Tooth colored Fillings

Due to improvement in material science, tooth colored fillings are more lasting and esthetic.

Factors affecting its longevity

Size- the larger the restoration, the chance of breakage and redo is higher

Margins of the restoration- the longer the boundary of the restoration and the deeper it is into the gums, the more risk of breakdown and leakage due to caries

Occlusal load- the heavier the bite and especially in night grinders, the greater the incidence of breakdown of the filling

Lifestyle-Heavy smoking, wine , coffee and lots of colored drinks eg cola inevitably will result in faster staining of these tooth colored fillings

*These can be alleviated by

crowning large restorations to reduce fracture

extraction would be recommended for deep lesions where maintenance is not possible- option of denture, bridge or implant ( may be discussed with the dentist as to which is most suitable)

Rinsing out colored beverages may delay staining and regular prophylaxis of teeth.

Types of restorations:

1.  Composite resin or tooth colored ones are available in many shades and strength. High impact ones may cost more.

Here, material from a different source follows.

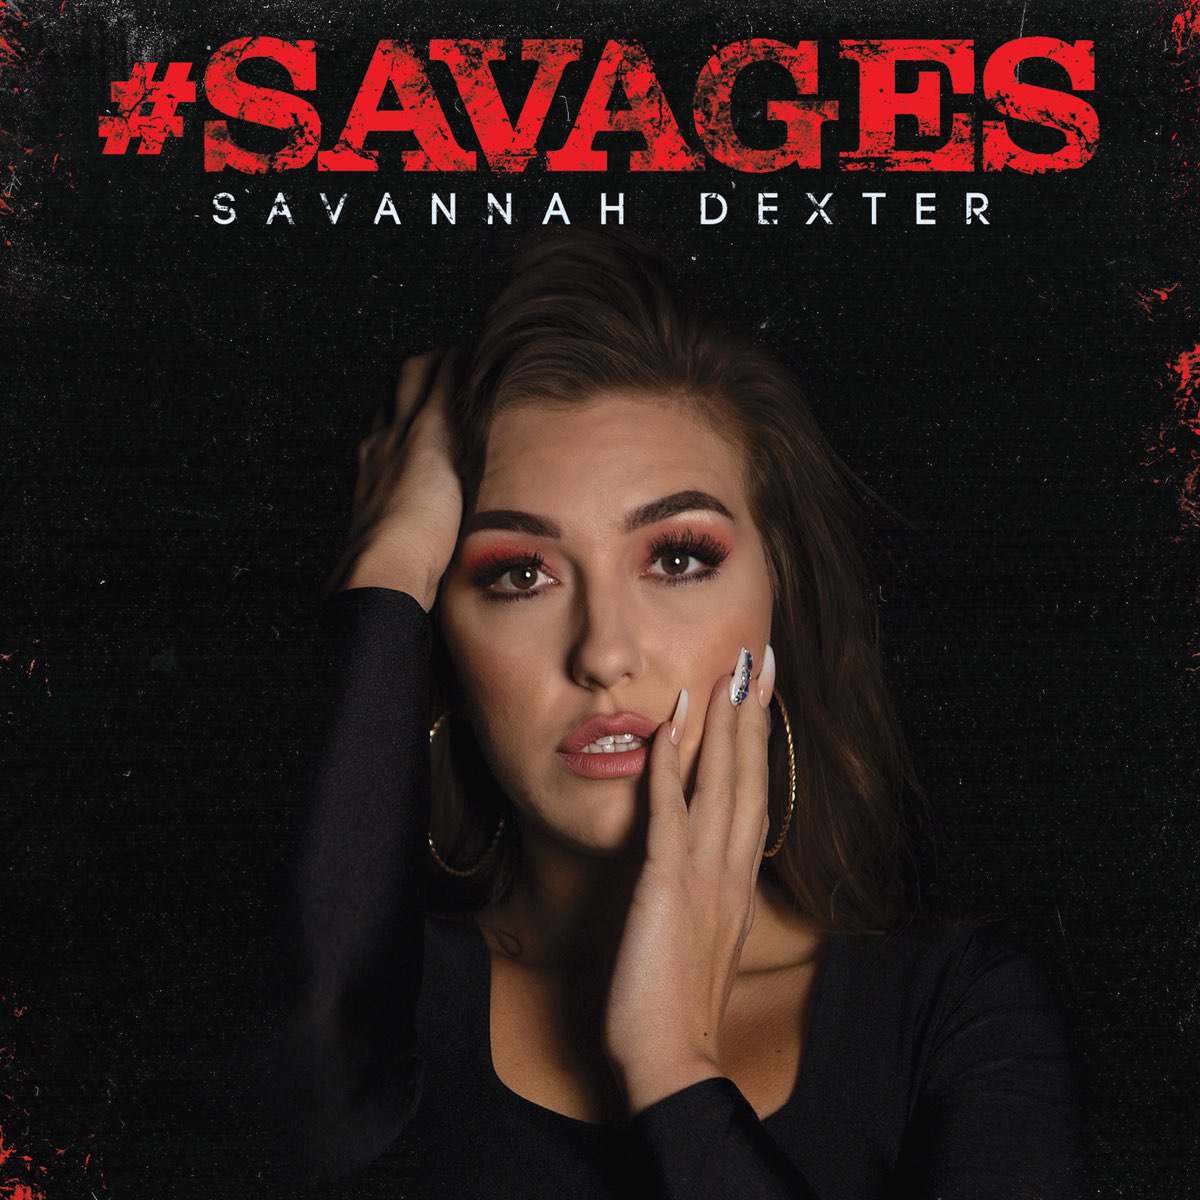 ‎Savages by Savannah Dexter on Apple Music

2. Inlays and onlays- there are indirect fillings made in the laboratory from impressions of the preparations taken in the mouth. They rarely break as they are fabricated as a piece to be cemented over the cavity prep. Also anatomical grooves have been carved into them to simulate real teeth. They almost never stain.

3 Crowning- the capping of tooth with zirconia or alloy (for back teeth where the tooth is vertically challenged)

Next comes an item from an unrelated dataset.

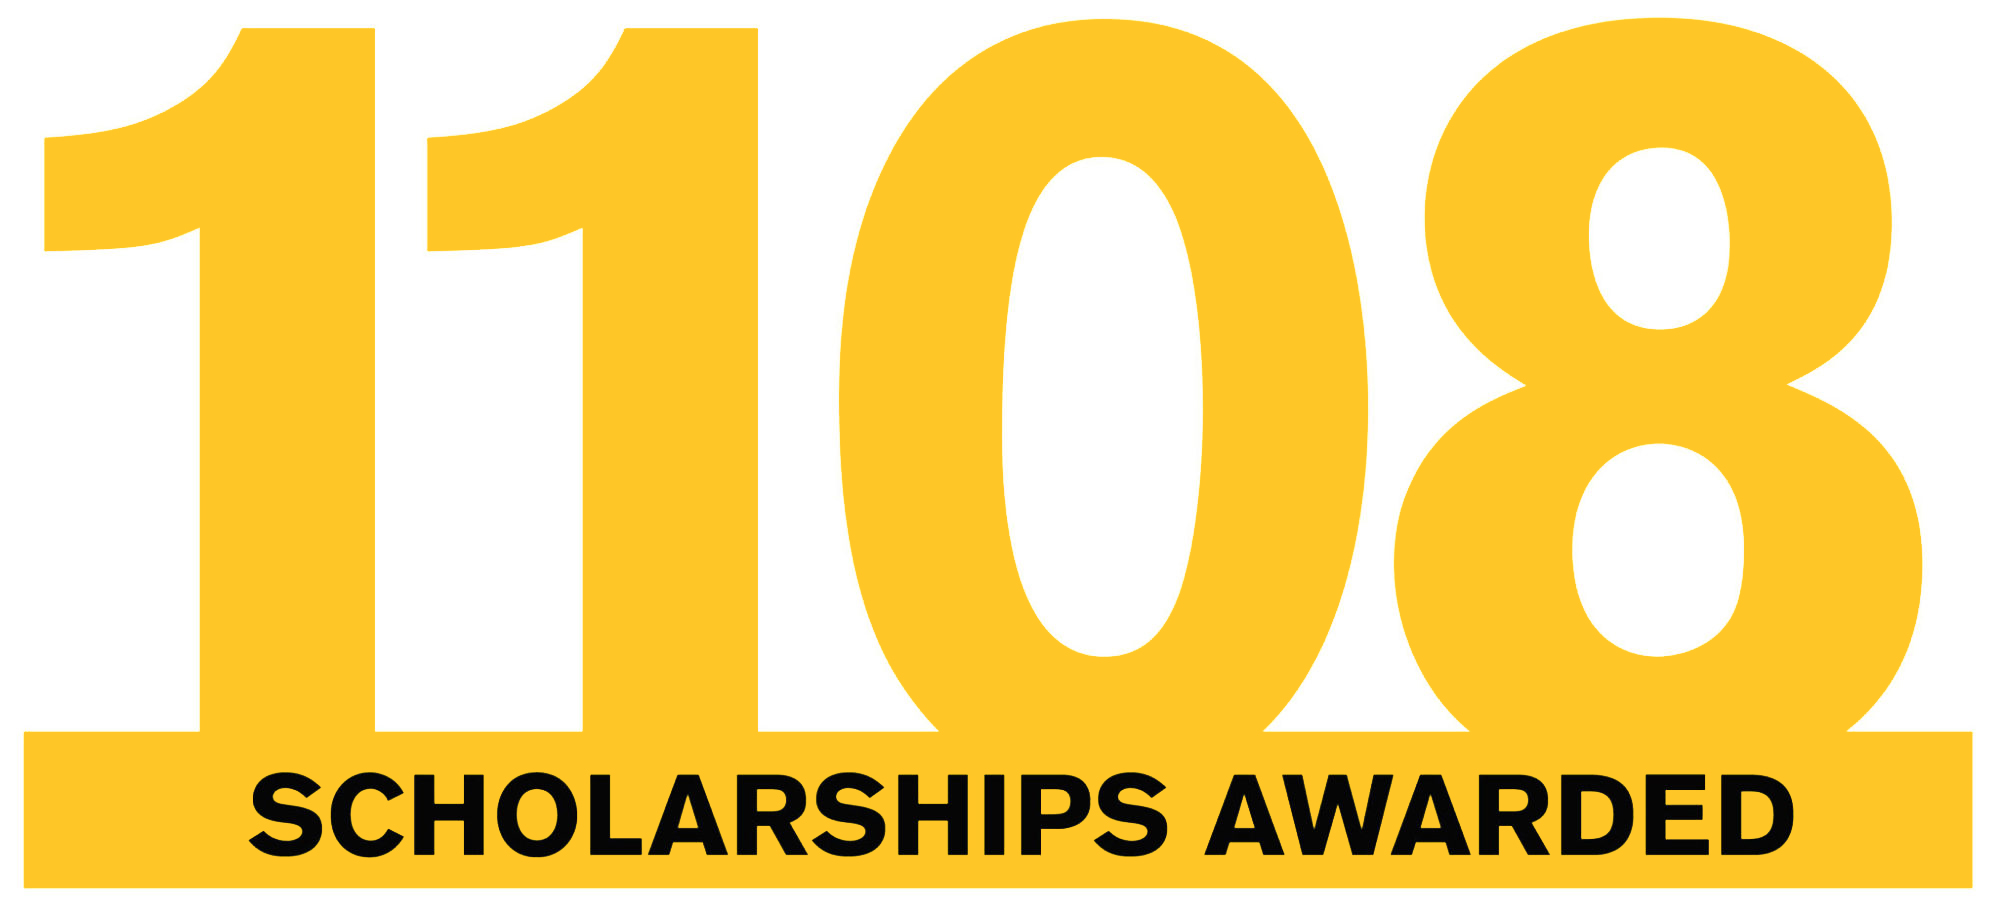 1108 scholarships awarded

Veneers- is a porcelain facing that is cemented over usually front teeth that are badly discolored. It has the advantage of being more conservative as there is less tooth reduction and negates the need for temporary fillings.

*The  trusty silver amalgam is in declining use but still have its indications. Will update this when MOH issues further notice.


Silver amalgam though have been used for more than a century has been controversial due to the presence of mercury. In any case, amalgam is not aesthetic and the margins creep with time resulting in leakage and decay. Filling replaced with a high impact tooth colour composite resin has more marginal seal due to the use of dental bond.


Crowns and Bridges (Prosthodontics)

crown is a cap that is built over a tooth that is non vital and brittle following root canal treatment or heavily restored to strengthen it and prevent fracture.

bridge is a series of crowns joined together.

Conventionally, the PFM of porcelain bonded to metal crown is fabricated. Nowadays, the zirconia crown that is more esthetic and stronger is the preferred choice. As the metal is no longer used, the amount of tooth reduction required is less.

If the supporting teeth of the bridge are undamaged, it is best not to do a bridge as it is more conservative and go for the implant/implant crowns that are independent of other teeth. However, cost is higher and result takes longer for completion.

Maintenance of crowns and bridges

1 Regular check up / scaling & polishing by the dentist every six months

2 The patient should floss regularly and brush the crown margins gently.

3 Hard food like ice, crab shells should not be cracked with natural or crowned teeth.


Indications for crowning

Heavily restored tooth due to possibility of fracture

Satisfactorily done root canal treated tooth usually darken with time. see circled tooth.

A bridge is a good indication where both supporting teeth are heavily filled so crowning them will strengthen the teeth.